## Task brief
Set the pictures aside and write down, exactly as they appear, the lines from the one containing "Carrera Polarized Grey" through the end of the material.

## Collected data
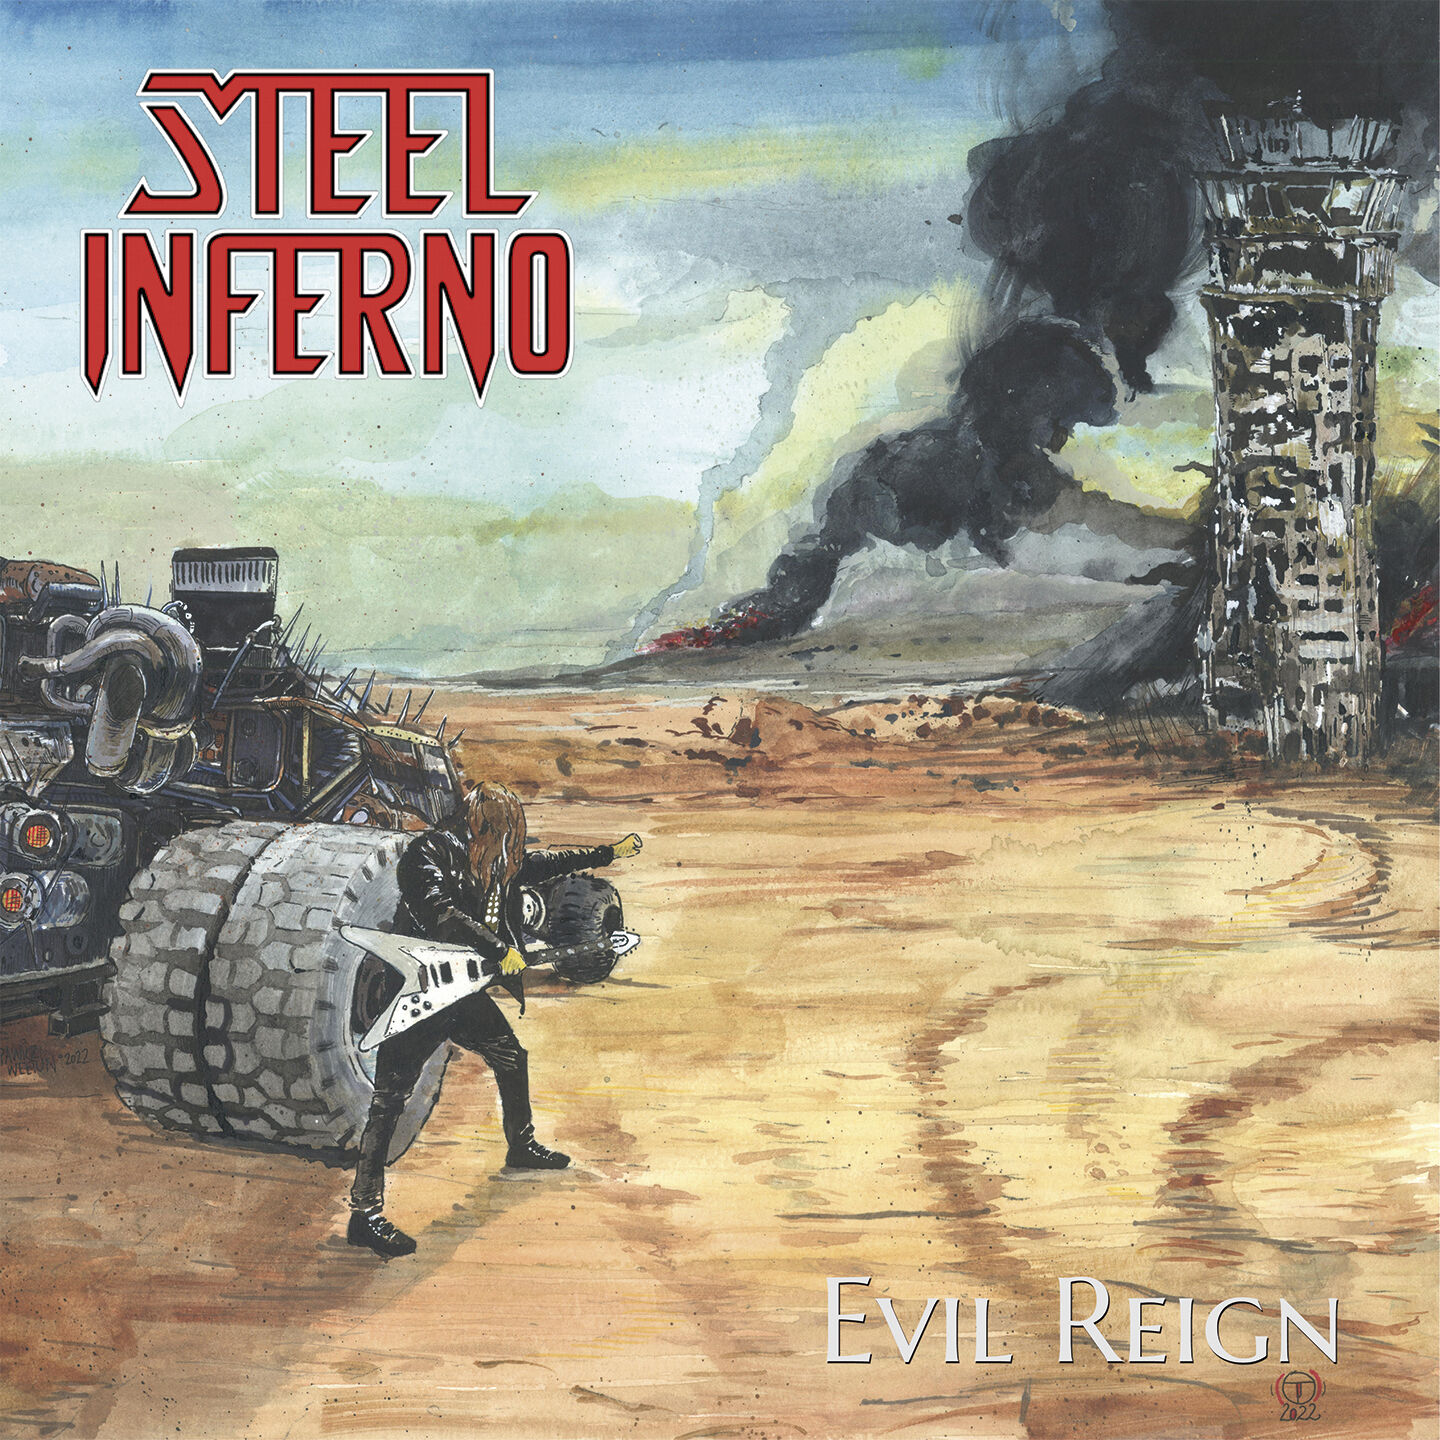 STEEL INFERNO - Evil Reign [YELLOW LP]
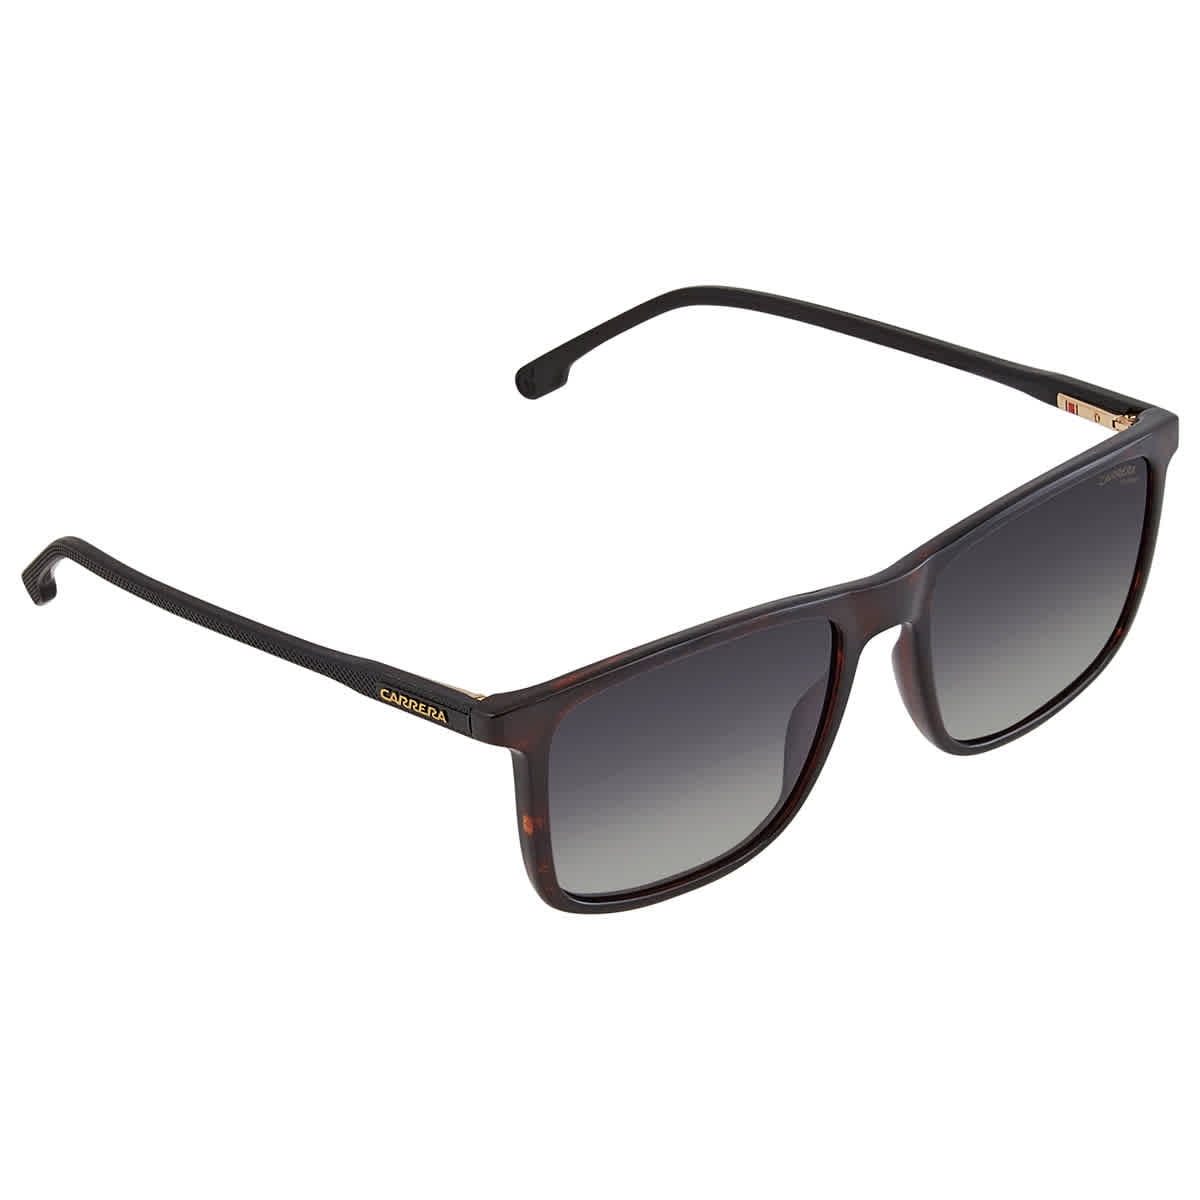 Carrera Polarized Grey Gradient Rectangular Unisex Sunglasses CARRRERA  231/S 0AB8 55 
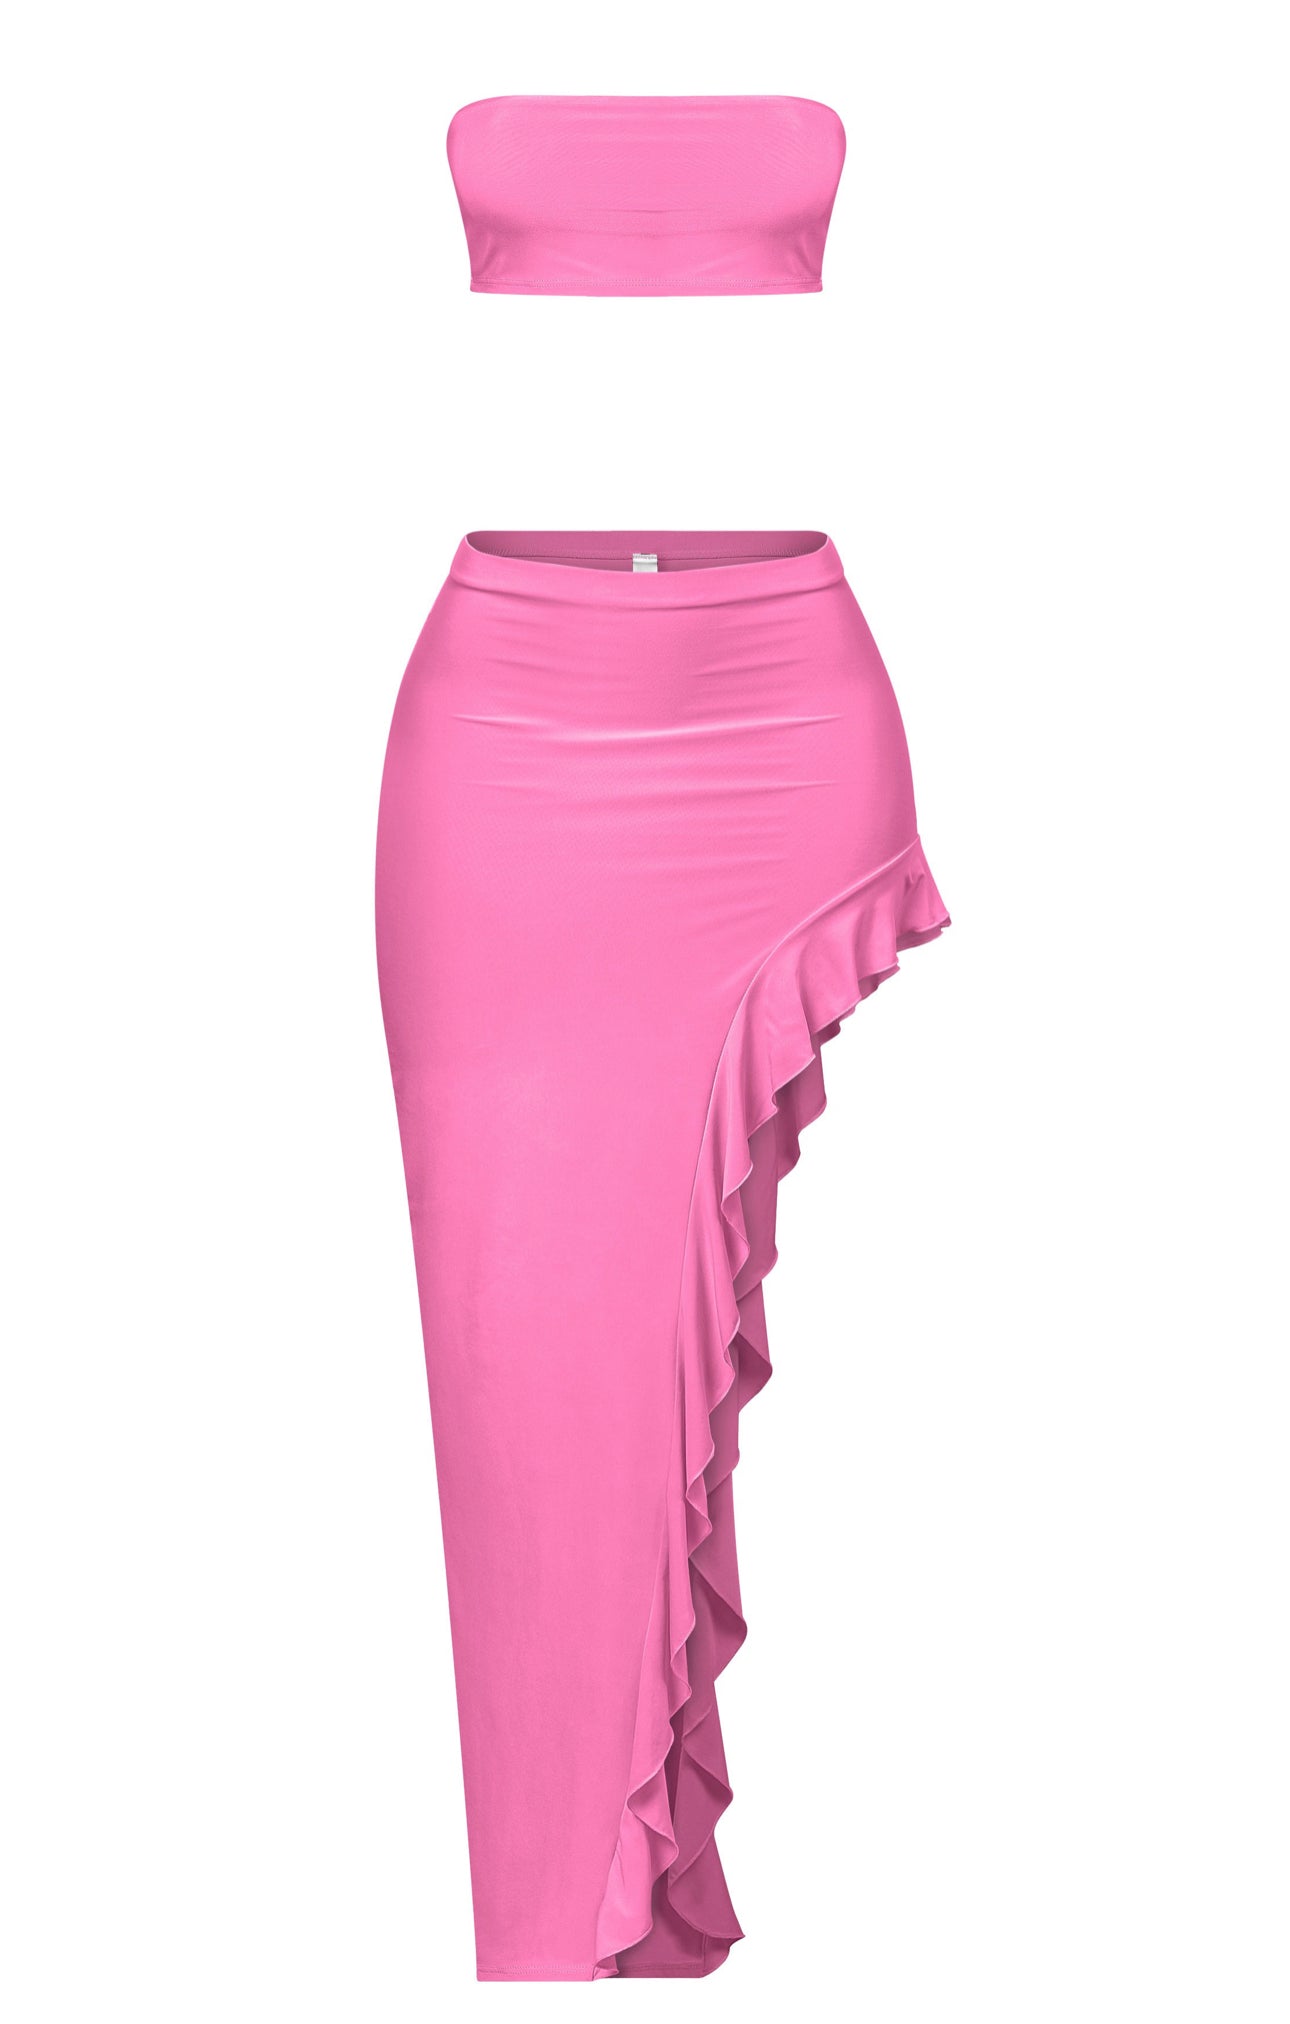 Naylea Ruffled Skirt Set (Pink)

## Task result
 Carrera Polarized Grey Gradient Rectangular Unisex Sunglasses CARRRERA  231/S 0AB8 55 
 Naylea Ruffled Skirt Set (Pink)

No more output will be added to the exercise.